In the entries that follow, find the line containing "vol.43 可愛いカリスマ店員限定‼胸チラ&パンチラ 美脚おねーさんの胸元ゲット!" and the line containing "Samsung CLT-504S toner", then retype exactly the lines from the first through the second, pictures excluded.

■ The data
[Start of Attachment]

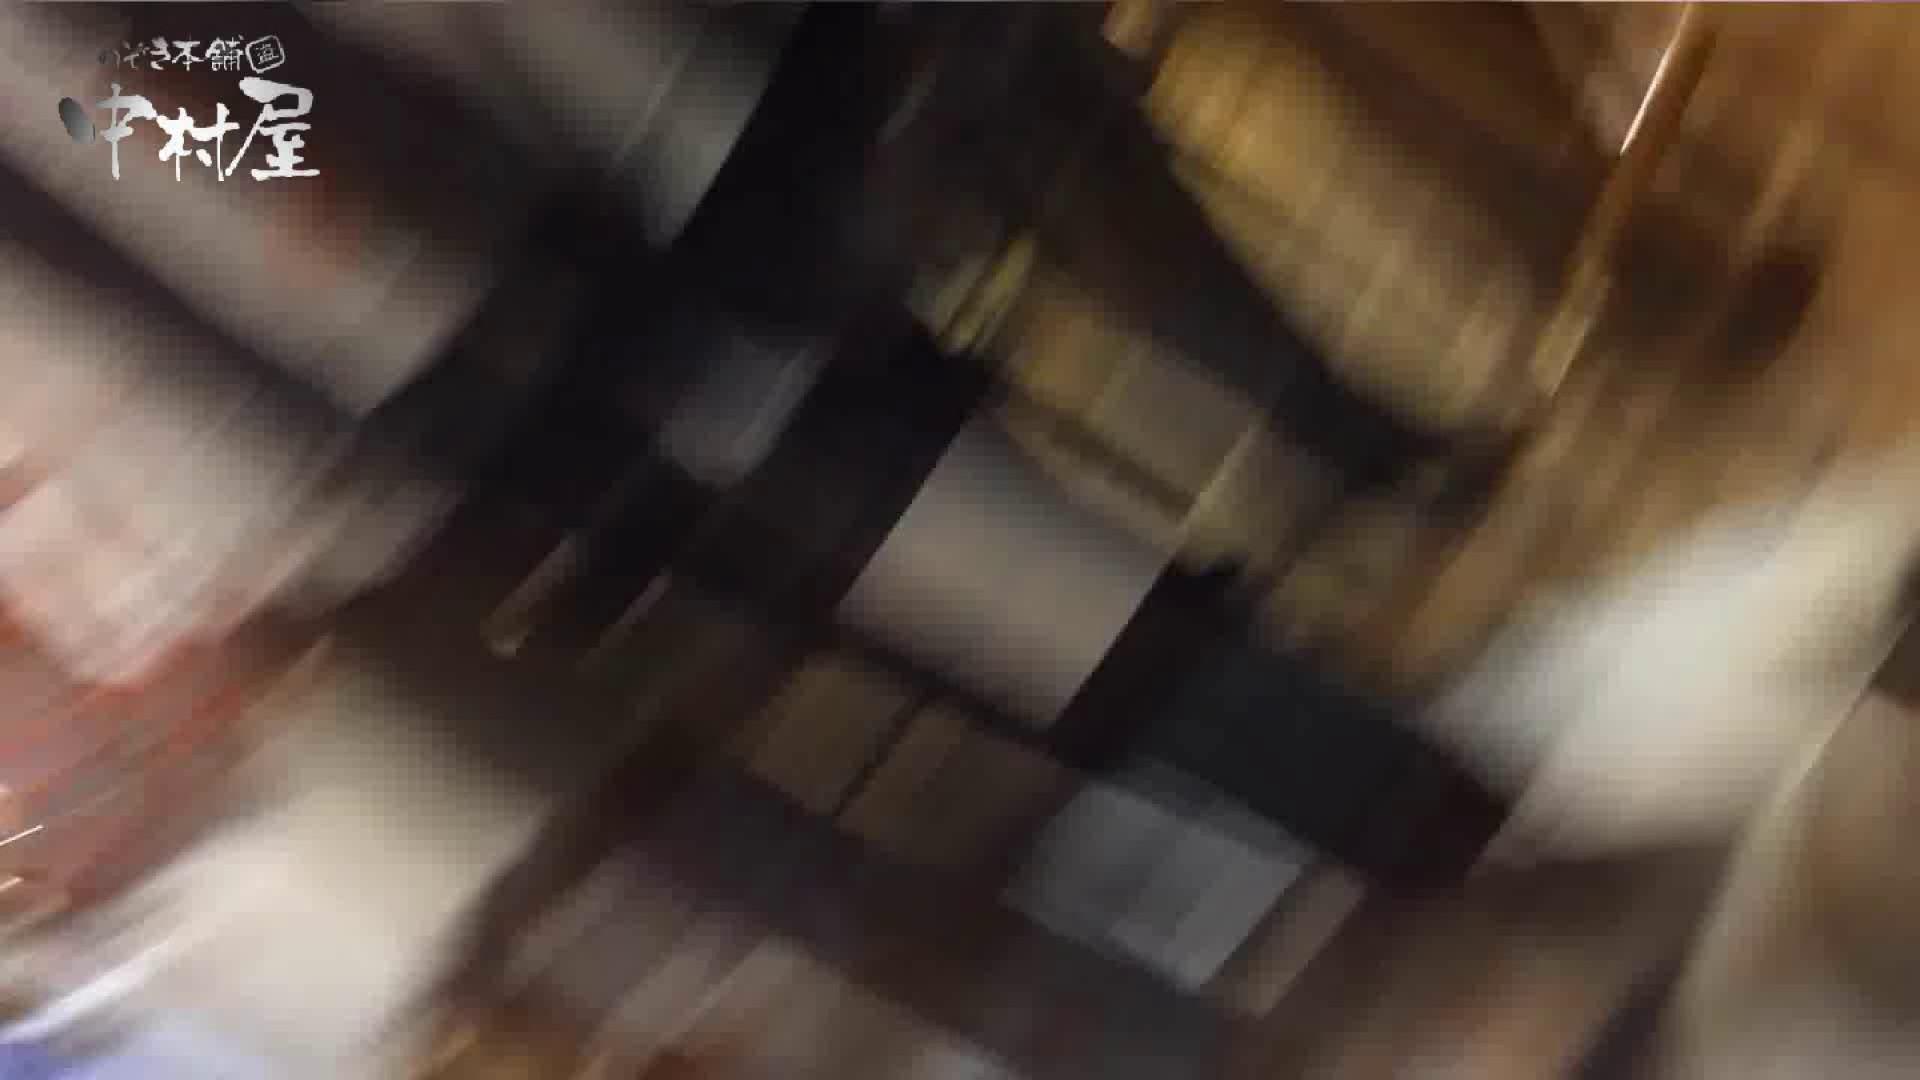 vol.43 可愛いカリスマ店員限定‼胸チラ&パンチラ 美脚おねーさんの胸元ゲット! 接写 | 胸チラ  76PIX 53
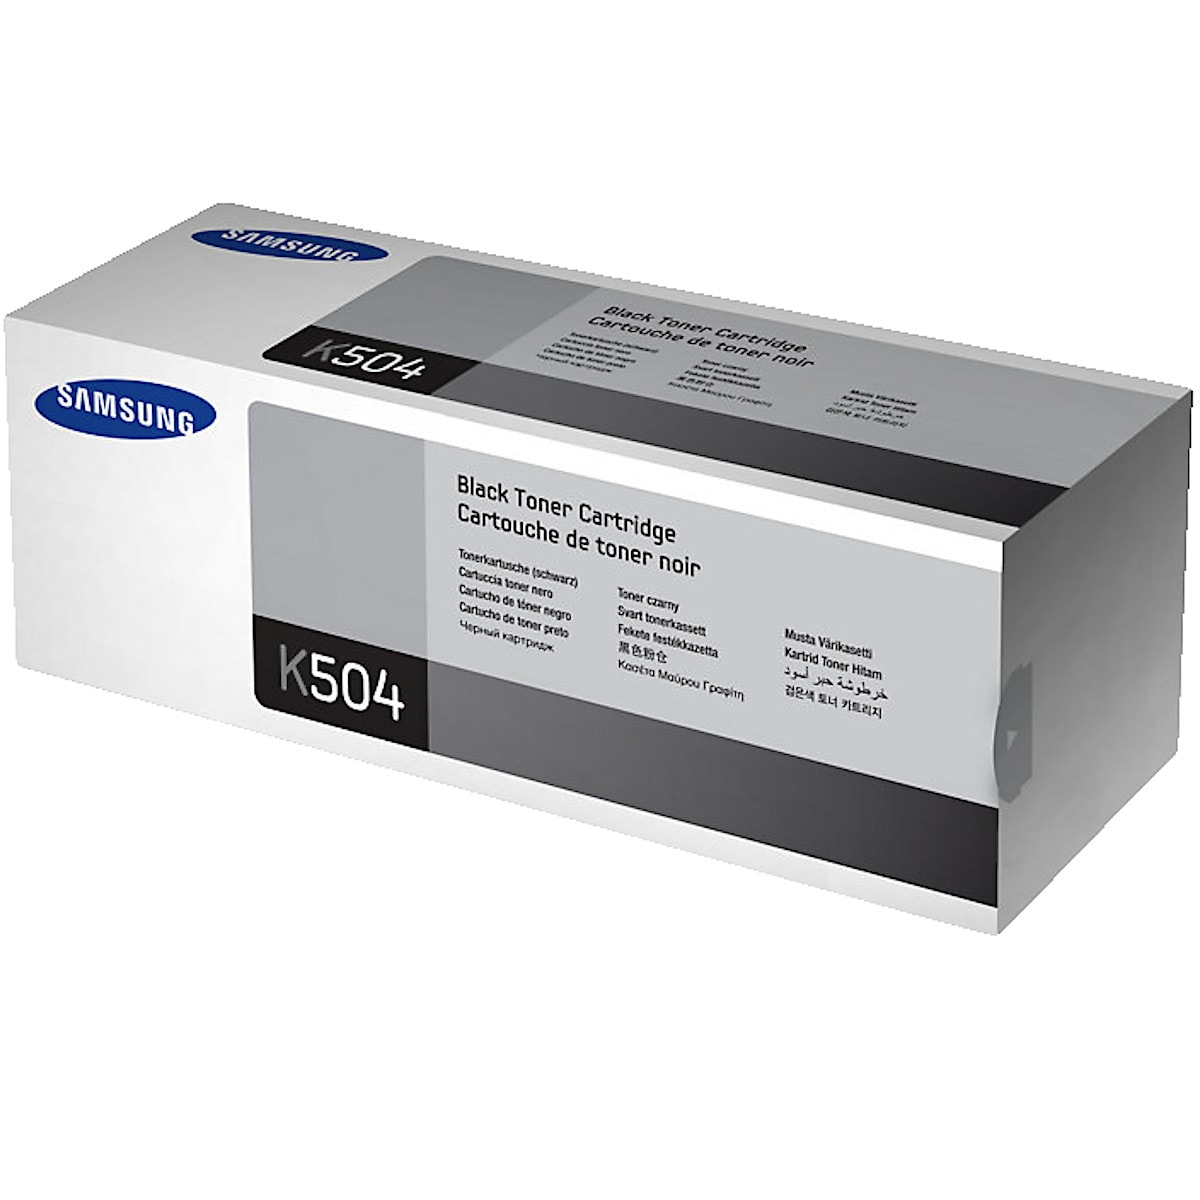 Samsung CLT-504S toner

[End of Attachment]
[Start of Attachment]

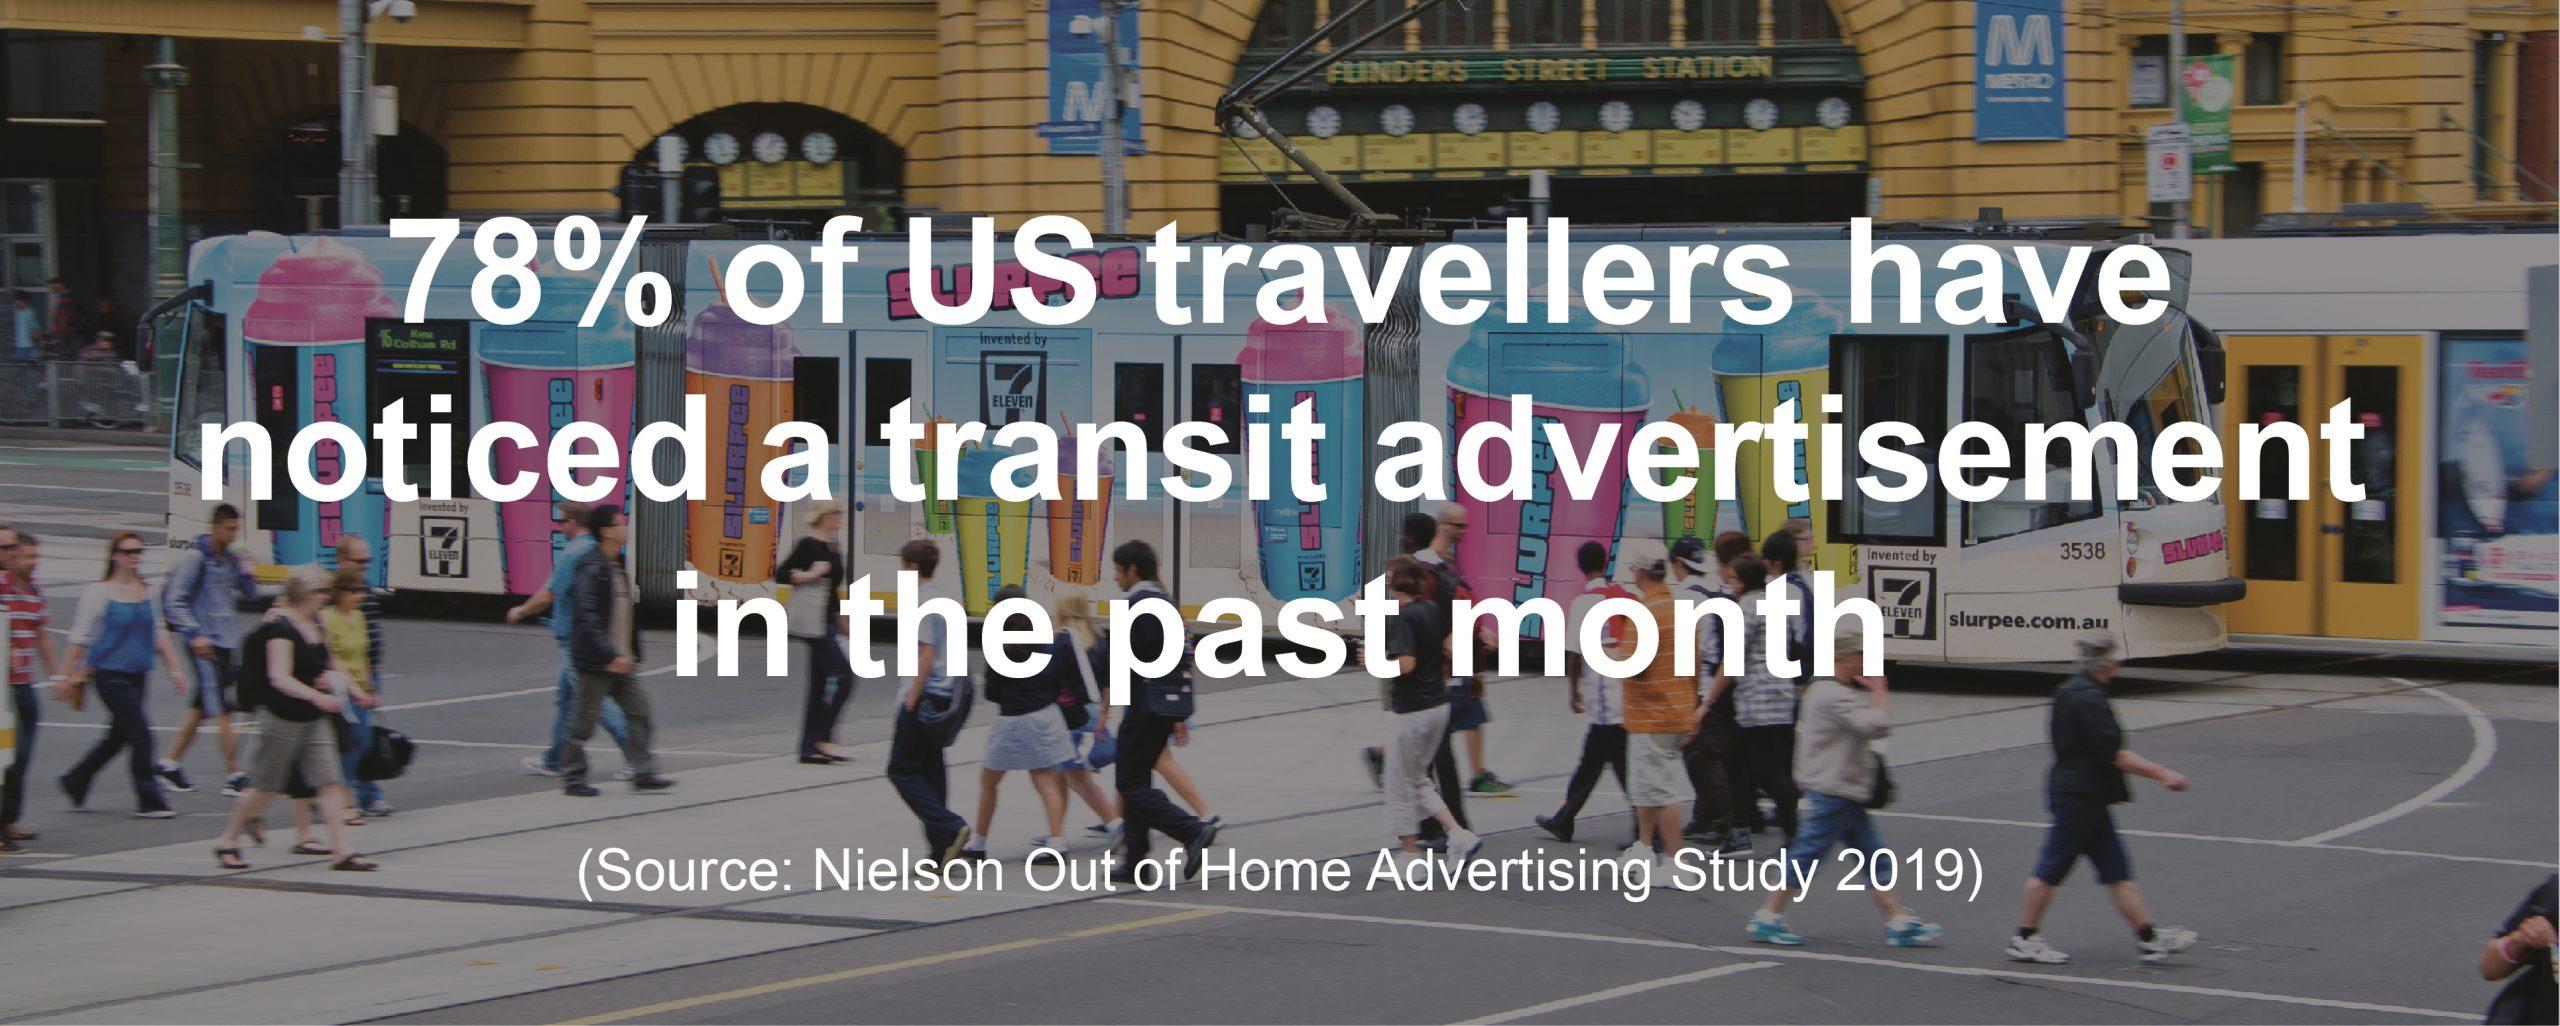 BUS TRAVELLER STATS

[End of Attachment]
[Start of Attachment]

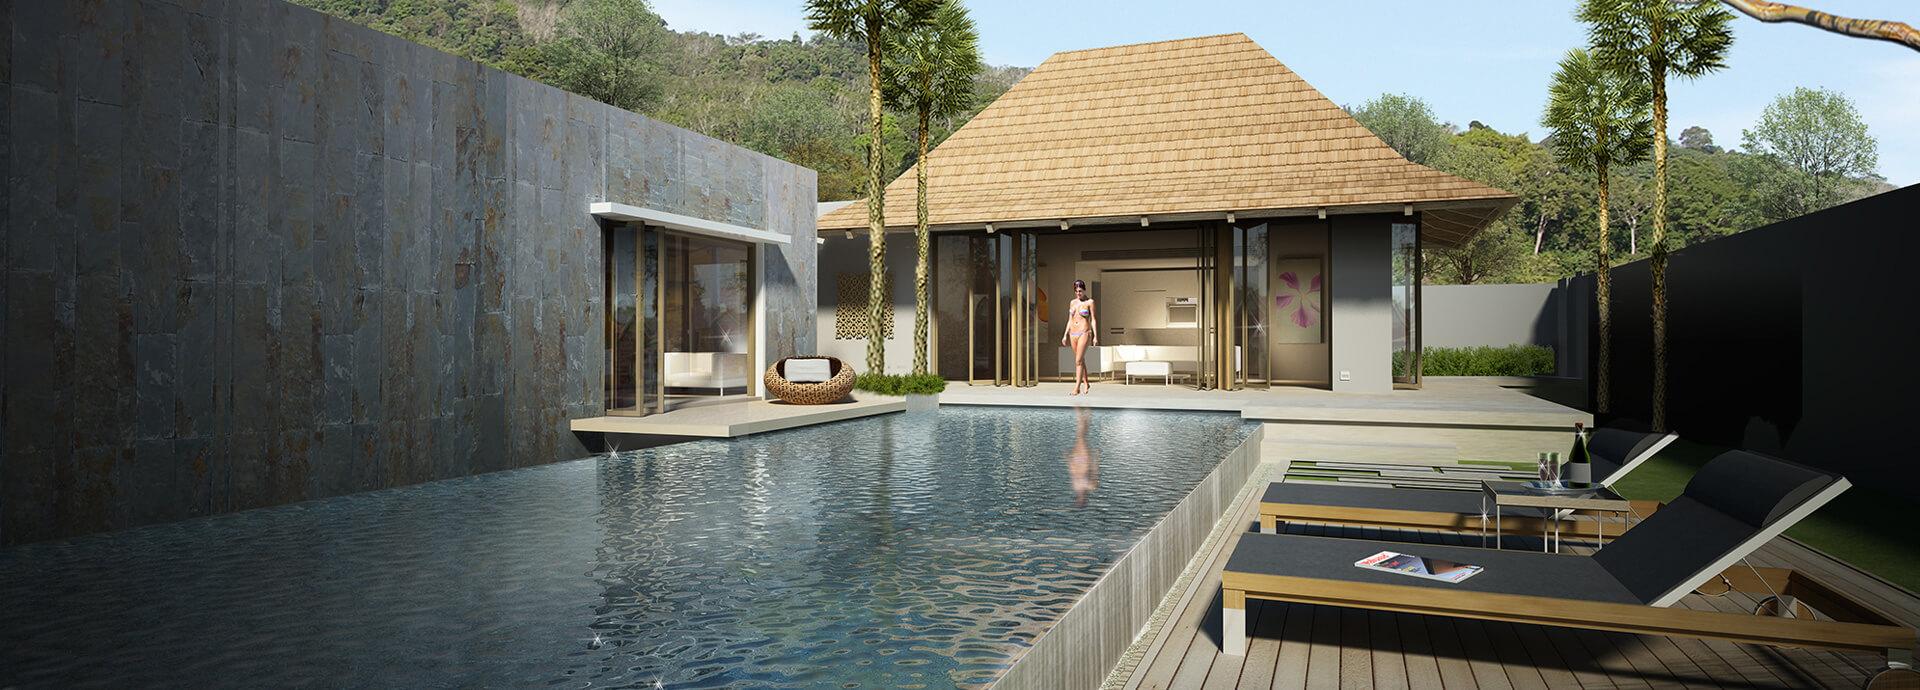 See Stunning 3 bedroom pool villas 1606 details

[End of Attachment]

■ Answer for the task
 vol.43 可愛いカリスマ店員限定‼胸チラ&パンチラ 美脚おねーさんの胸元ゲット! 接写 | 胸チラ  76PIX 53
 Samsung CLT-504S toner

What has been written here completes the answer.